In such circumstances, evidence of P.W.5 also corroborated ocular testimonies of P.Ws. 1 and 7. 13. In course of his cross-examination P.W.1 admitted that he had filed an affidavit before the court that one Tika Parida sitting on the chest of my father cut his threat by means of one Kukuri. However, on a question put by court, P.W.1 stated that he had seen the appellant assaulting the deceased by Kati and he had not seen Tika Parida assaulting the deceased by any instrument. As per advice of his step-mother he had given the affidavit in court. Statement made by P.W.1 to have filed affidavit implicating Tika Parida to be assailant of the deceased is being relied upon by the learned counsel for the appellant to assail the veracity of P.W.1. However, immediately after such admission, P.W.1 testified that he had not seen Tika Parida assaulting the deceased and he had seen the appellant assaulting the deceased.
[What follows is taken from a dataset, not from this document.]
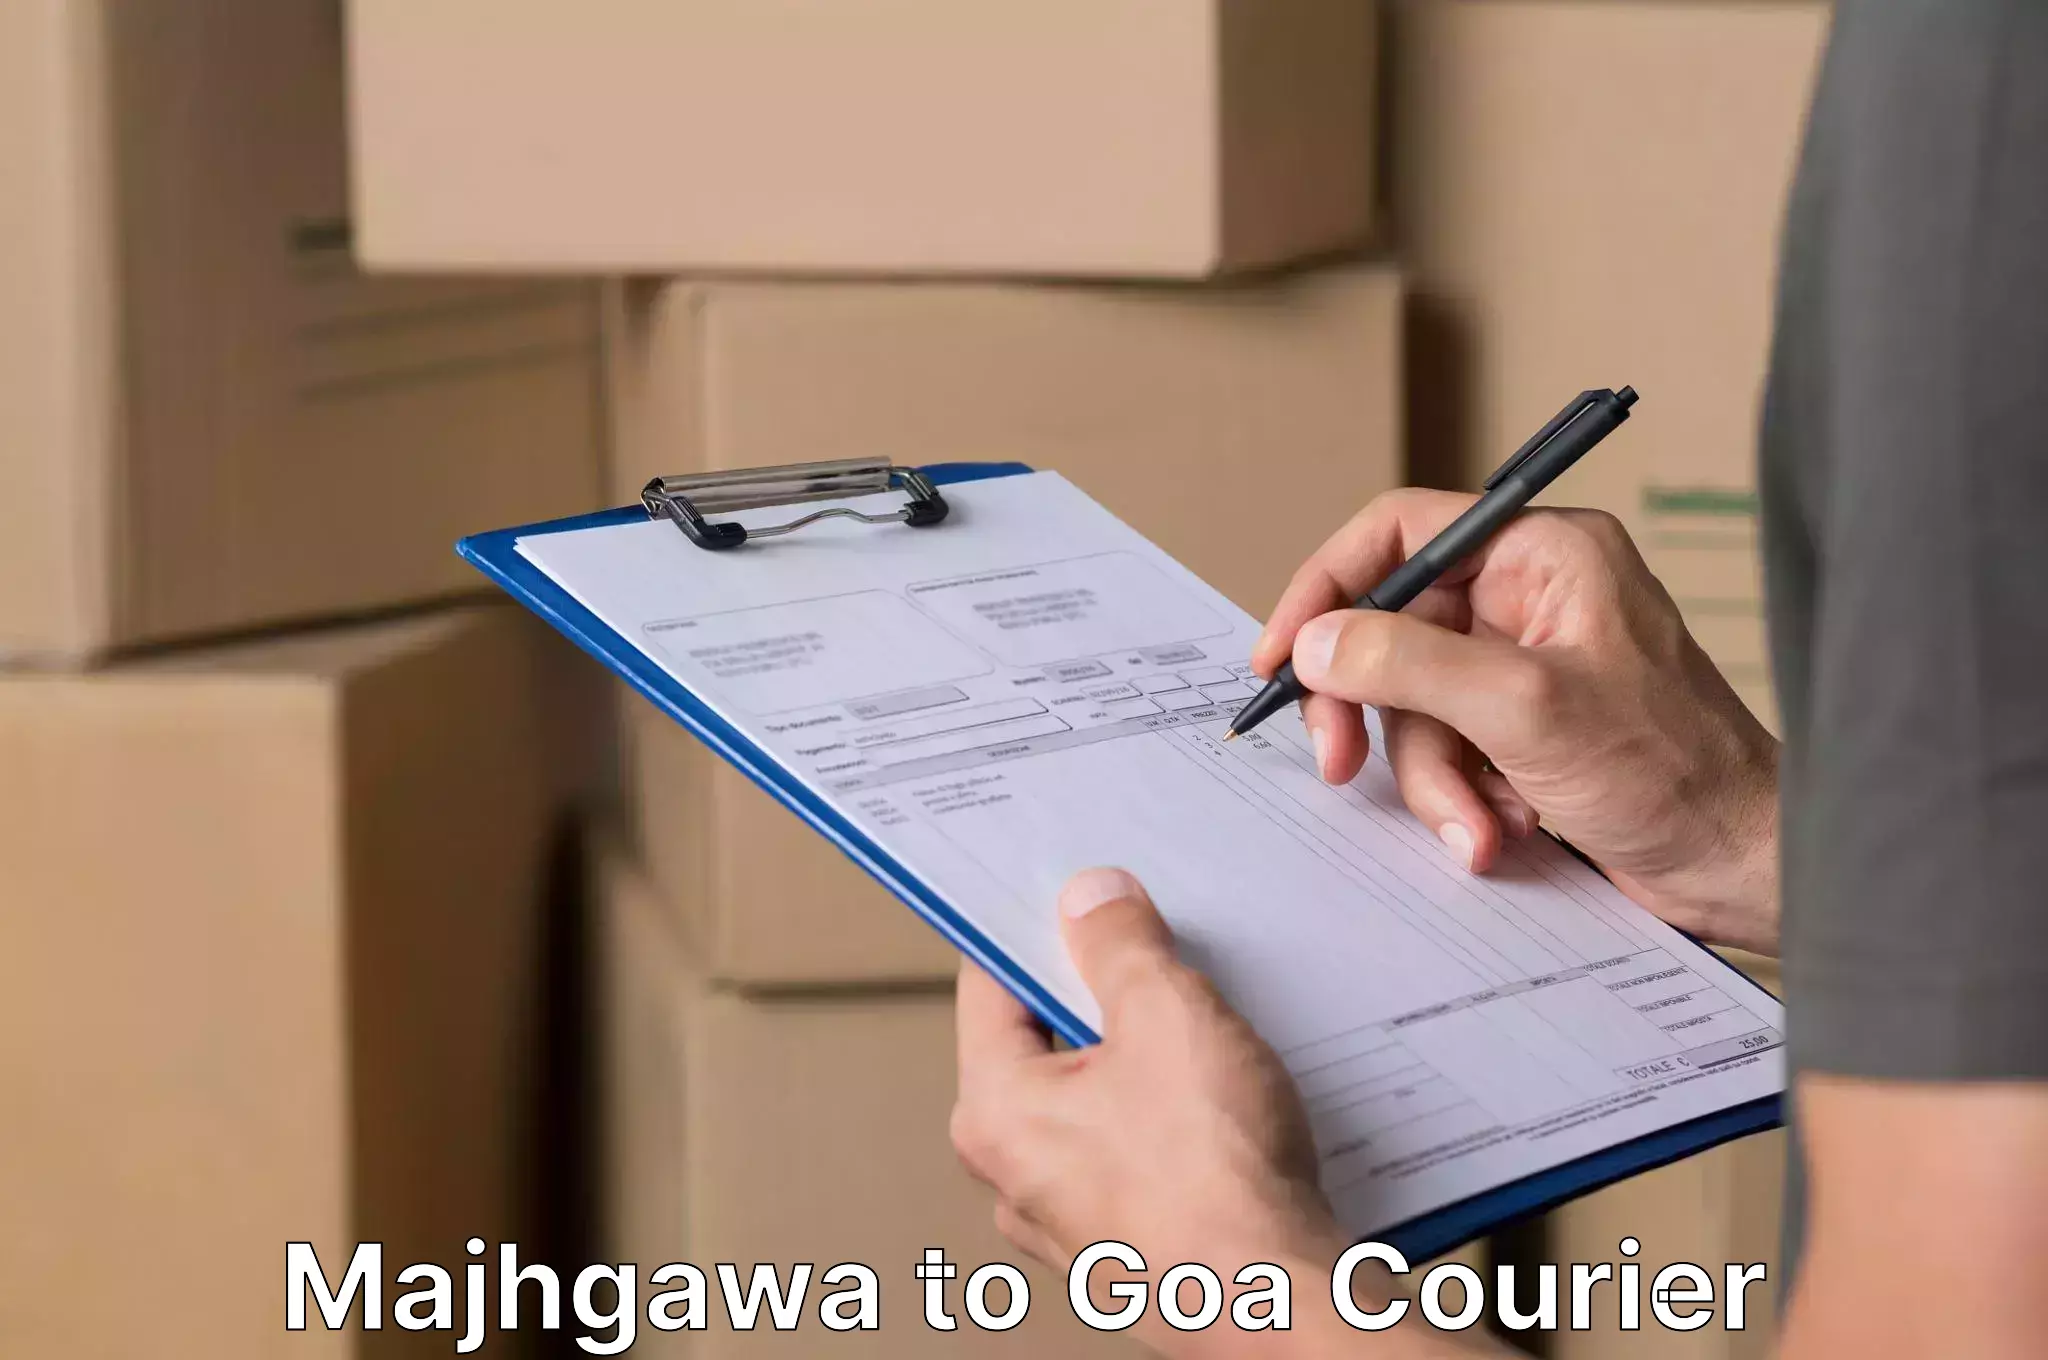 Professional moving assistance Majhgawa to Goa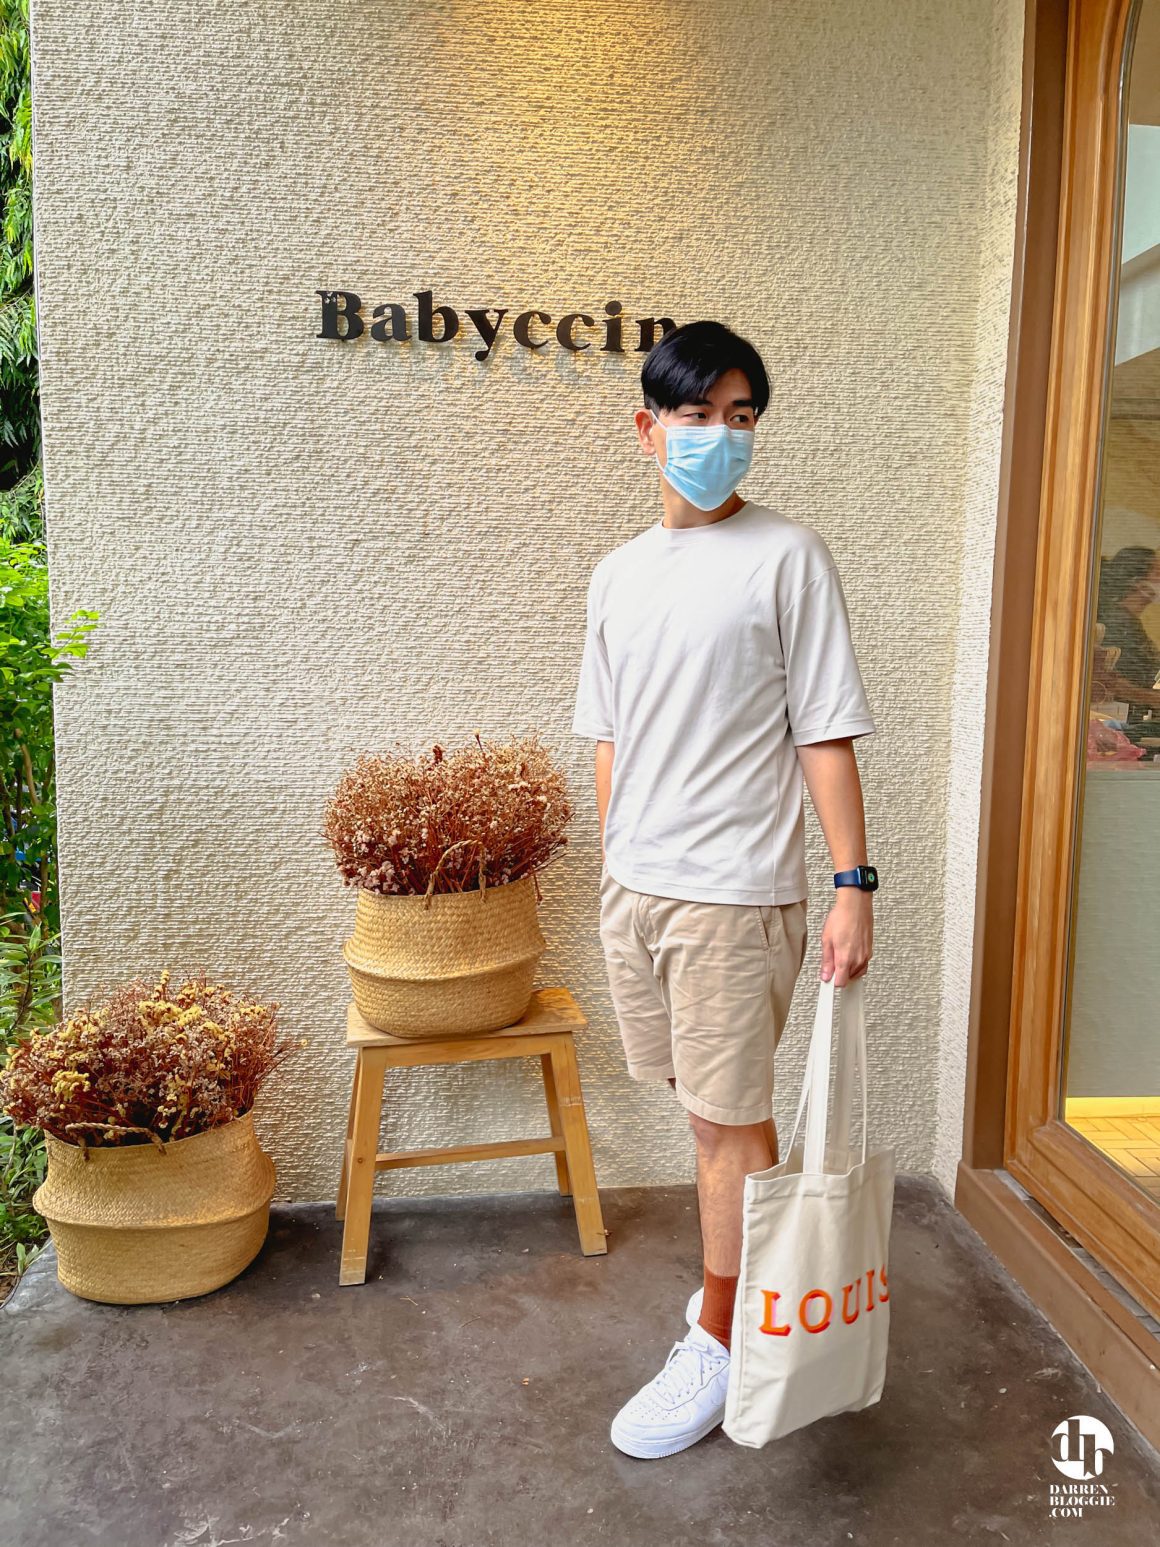 Babyccino-cafe-Bangkok-Thailand-darrenbloggie

That apart, there is nothing in the evidence that at any point of time P.W.1 did not make allegation against the appellant to be the assailant of the deceased. Rather, soon after the occurrence, in the first information report Ext.1 he implicated the appellant to be assailant of the deceased. Therefore, we find no reason to disbelieve evidence of P.W.1 which finds corroboration from the ocular testimony of P.W.7 as well as other incriminating circumstances narrated above. 14. Thus, on analysis of evidence on record, it is found that the prosecution has established beyond reasonable doubt that due to dispute with his father in connection with demand for partition appellant assaulted the deceased to death. Appellant also assaulted P.W.7 by means of Kati M.O.I causing injuries on her. We find no infirmity in the impugned judgment so as to warrant interference. 15. In the result, the appeal is dismissed. The impugned judgment and order are confirmed. Appeal allowed.